Deri Andrade. (Deri Andrade/Divulgação)

Esse é o primeiro projeto para mapear artistas negres pelo Brasil?
Antes de o Projeto Afro ser lançado, outras iniciativas que pretendem também fazer um mapeamento já existiam para discutir essas questões. Algumas delas foram referências para mim, inclusive. O Menelick 2° Ato, revista independente de São Paulo que também trata da questão racial de forma mais abrangente, falam da cultura negra, afrobrasileira, não só no recorte das artes visuais. O AfroTranscendence, que aconteceu em 2015, que também fez uma curadoria com alguns artistas em vídeos, entrevistas e outras publicações só com artistas negros e negras. Tem também a MUNA, que foi um projeto realizado por artistas negras brasileiras que fazem uma pesquisa sobre a questão da mulher negra nas galerias de arte, nos espaços institucionais, mostra onde elas estão atuando.
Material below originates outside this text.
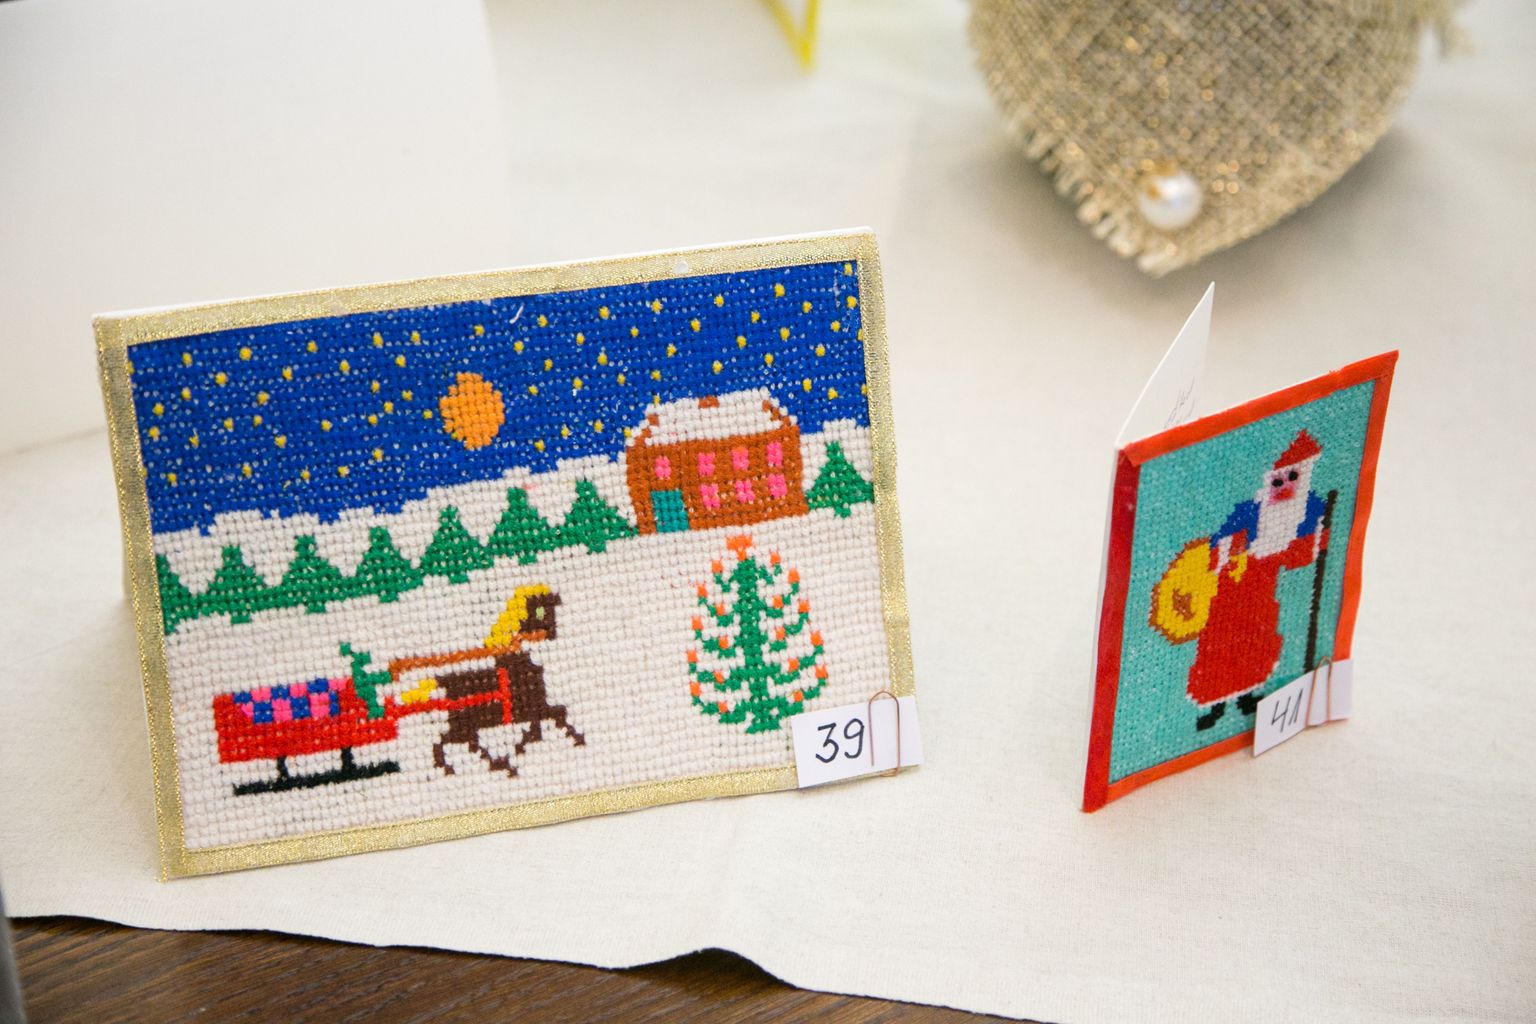 Kel pole mahti jõulukaarte otma minna, võib internetis enda valitud pildiga kaardi saata.

E também tem o projeto Dúdus, que aconteceu em paralelo com o Projeto Afro e faz também essa curadoria de artistas negros pensando na questão do afrofuturismo, na questão de gênero – eles, infelizmente, não estão mais ativos nas redes sociais, mas é importante citá-los. Não sei se o Projeto Afro é o primeiro do Brasil nesse sentido, mas essa organização de informações, ideias, conteúdos e dados eu acredito que seja a primeira vez que vemos por aqui.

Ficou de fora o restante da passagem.